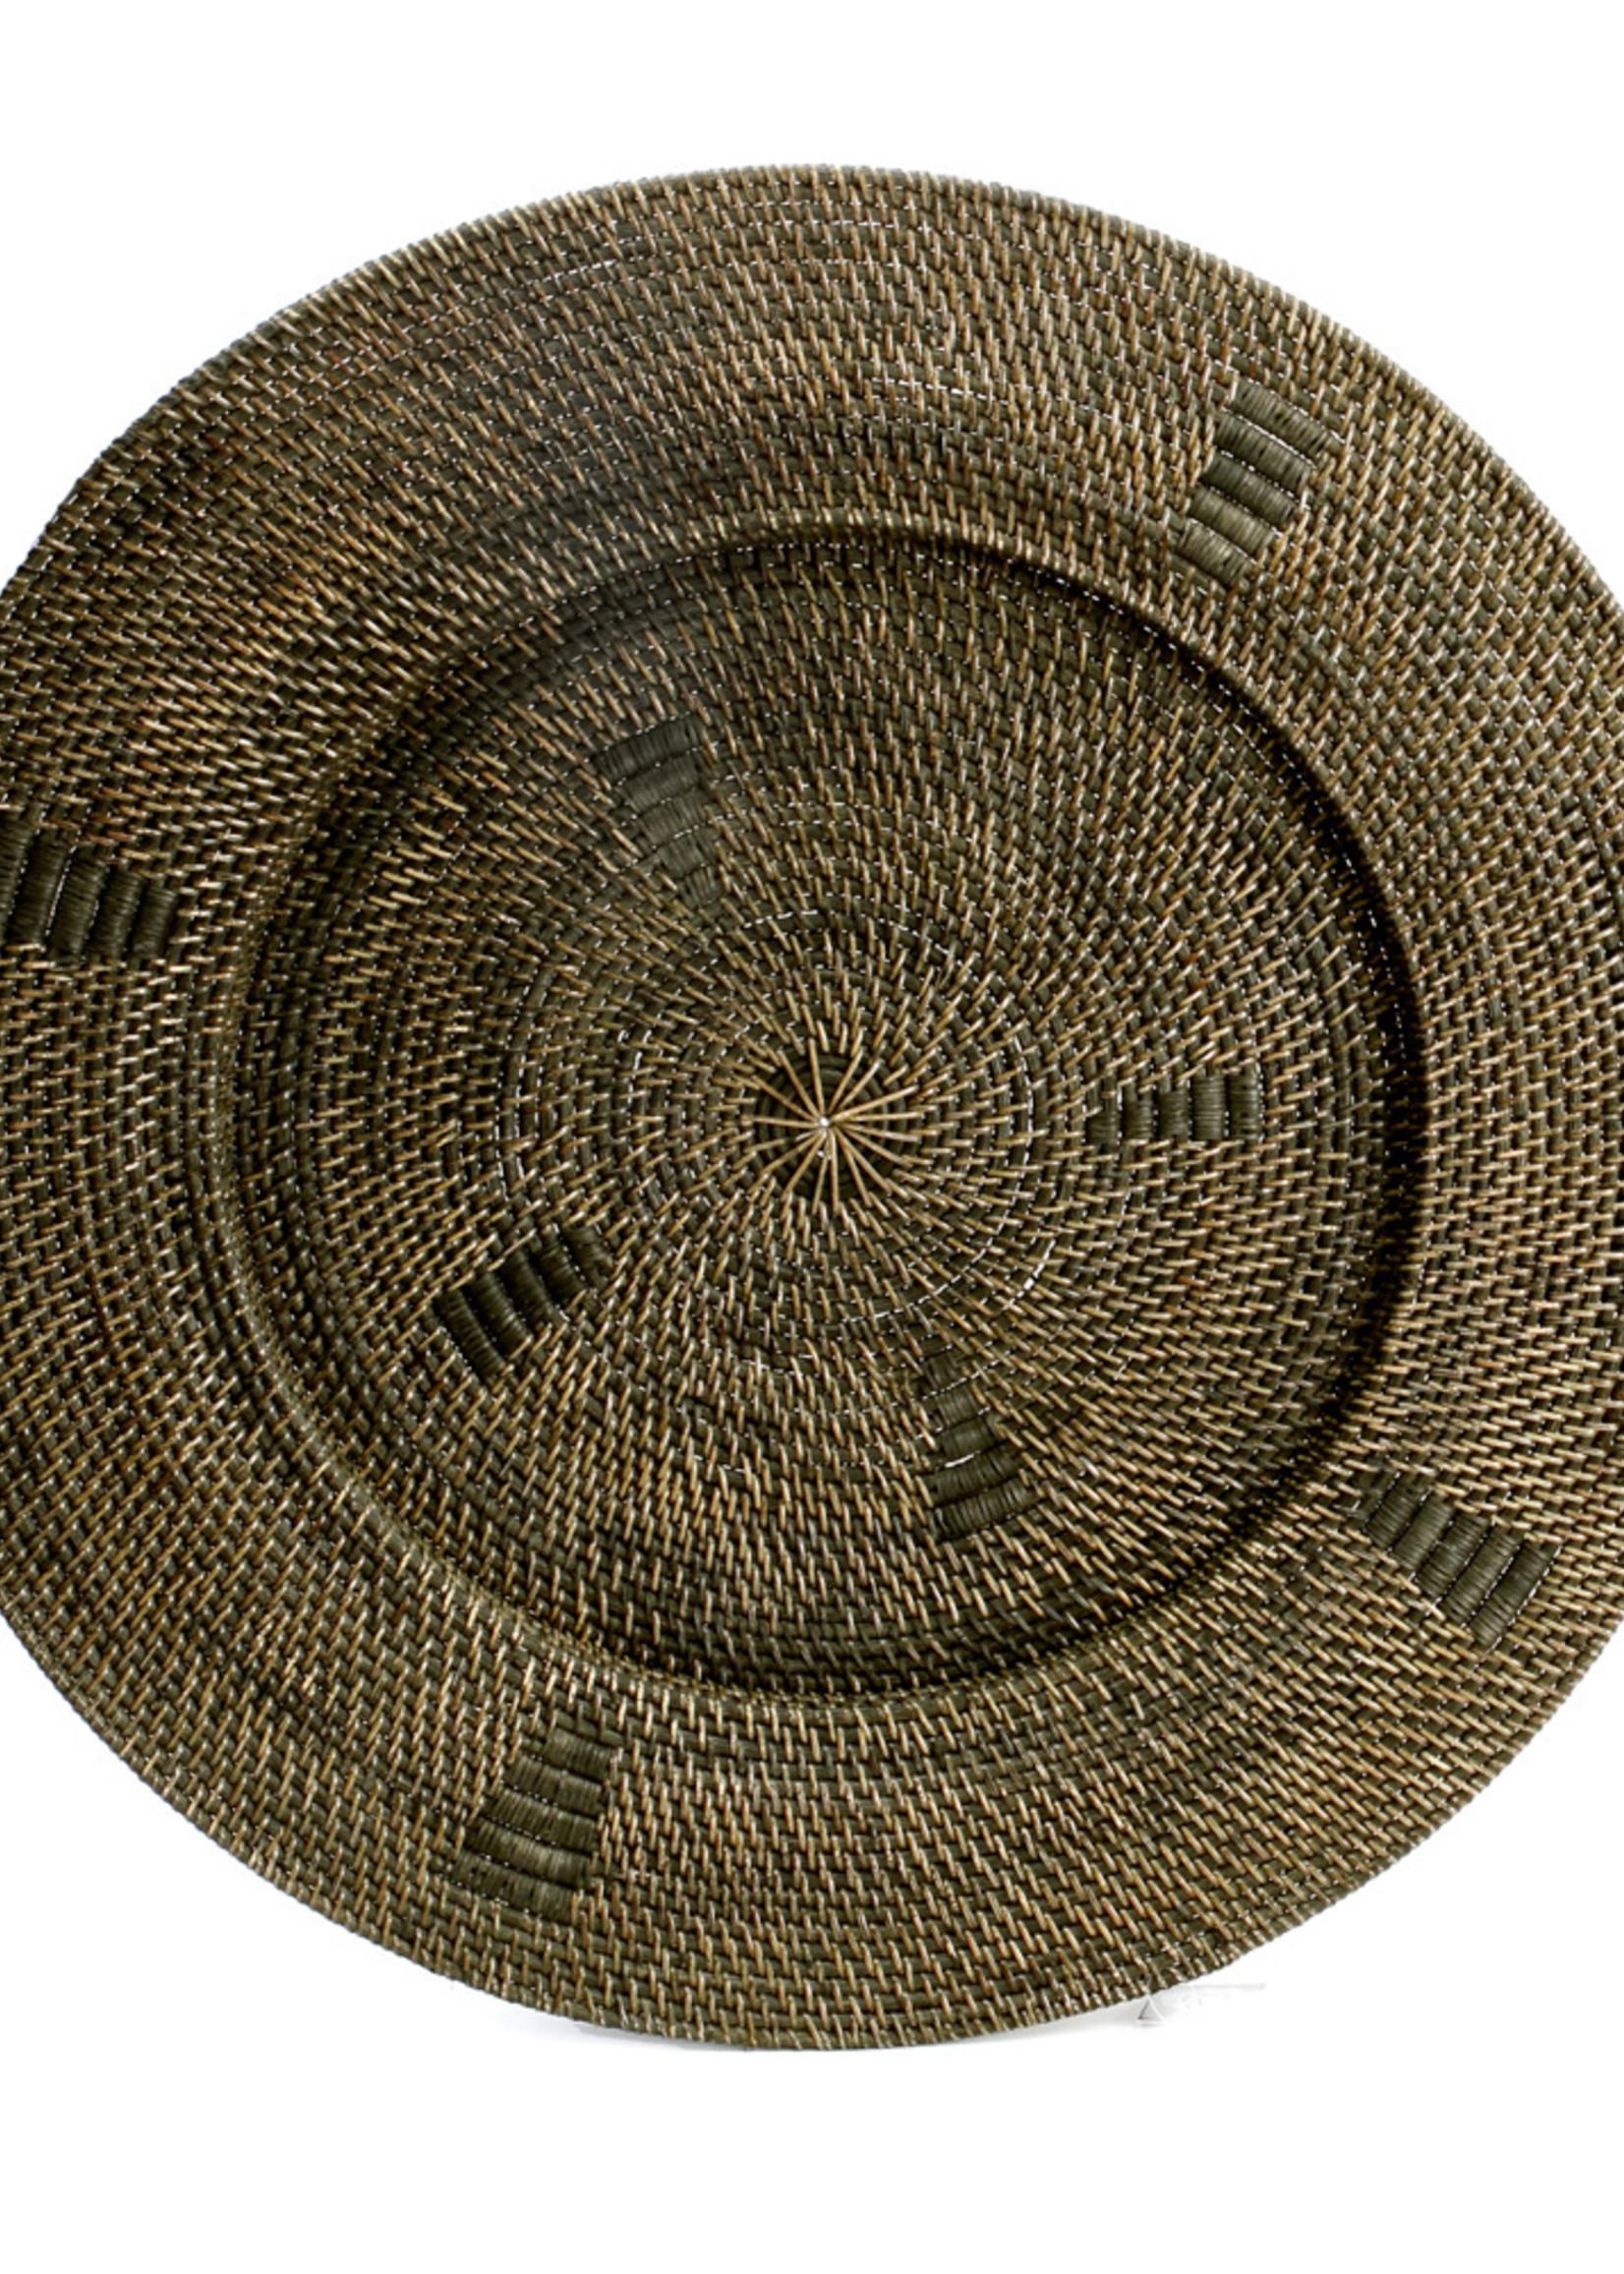 The Jasmine Plate - Brown - L
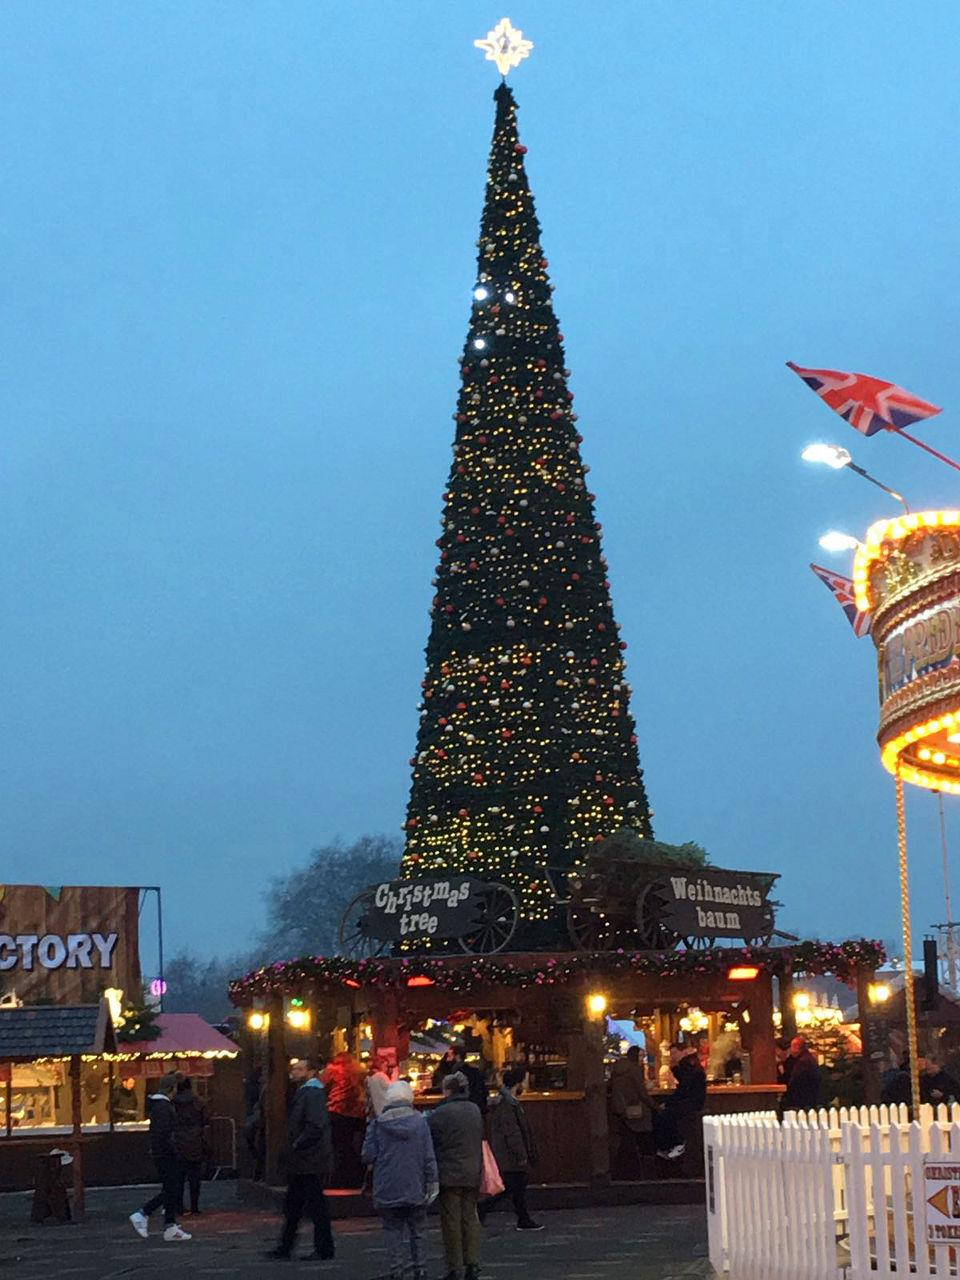 Xmas tree at Winter Wonderland.
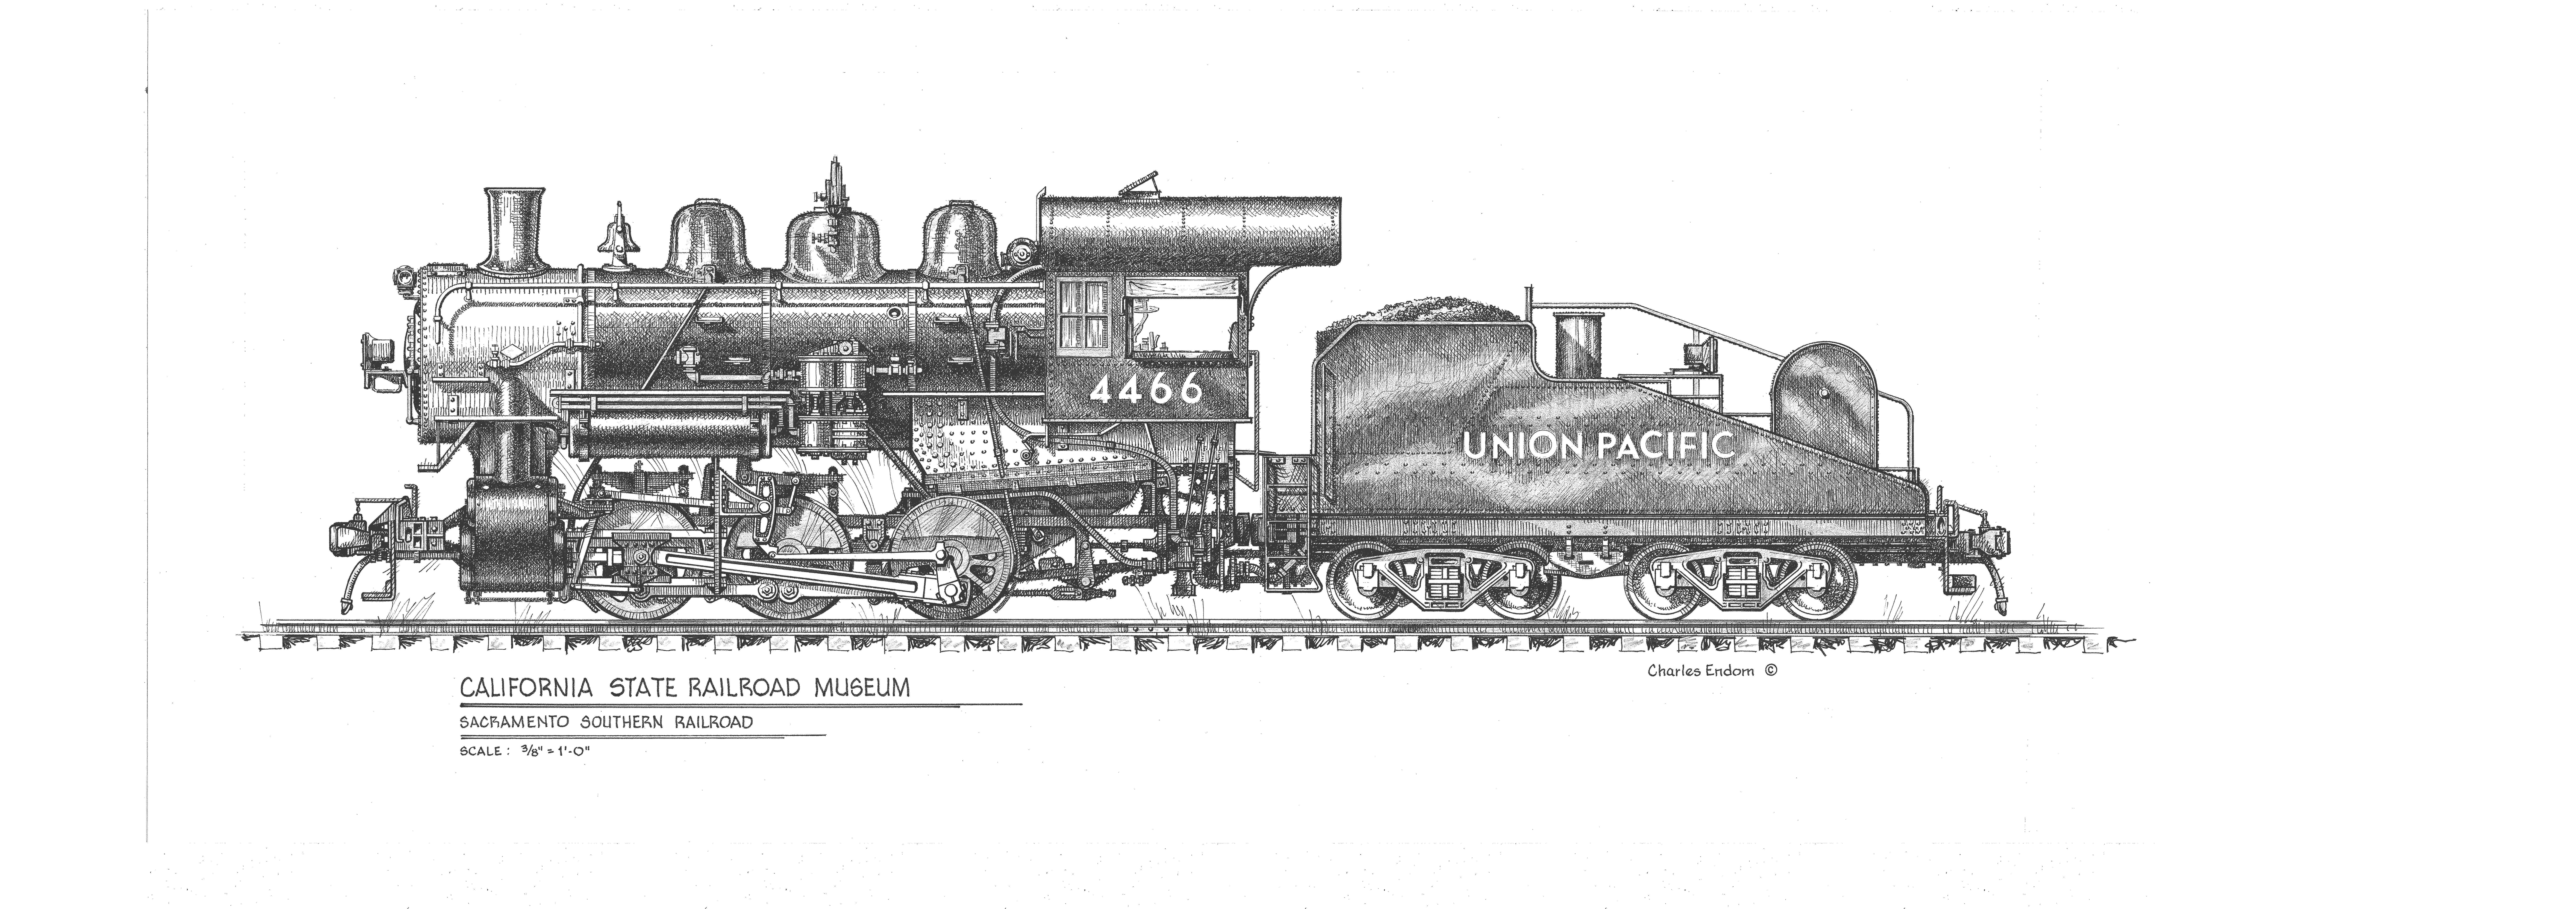 Union Pacific 4466 Steam Train Engine Pen Ink Illustration By C Endom California State Railroad Museum Railroad History Steam Shop

+++

Leave the pictures out and restate the listing word for word.

**EXERCISE RESULT:**
 The Jasmine Plate - Brown - L
 Xmas tree at Winter Wonderland.
 Union Pacific 4466 Steam Train Engine Pen Ink Illustration By C Endom California State Railroad Museum Railroad History Steam Shop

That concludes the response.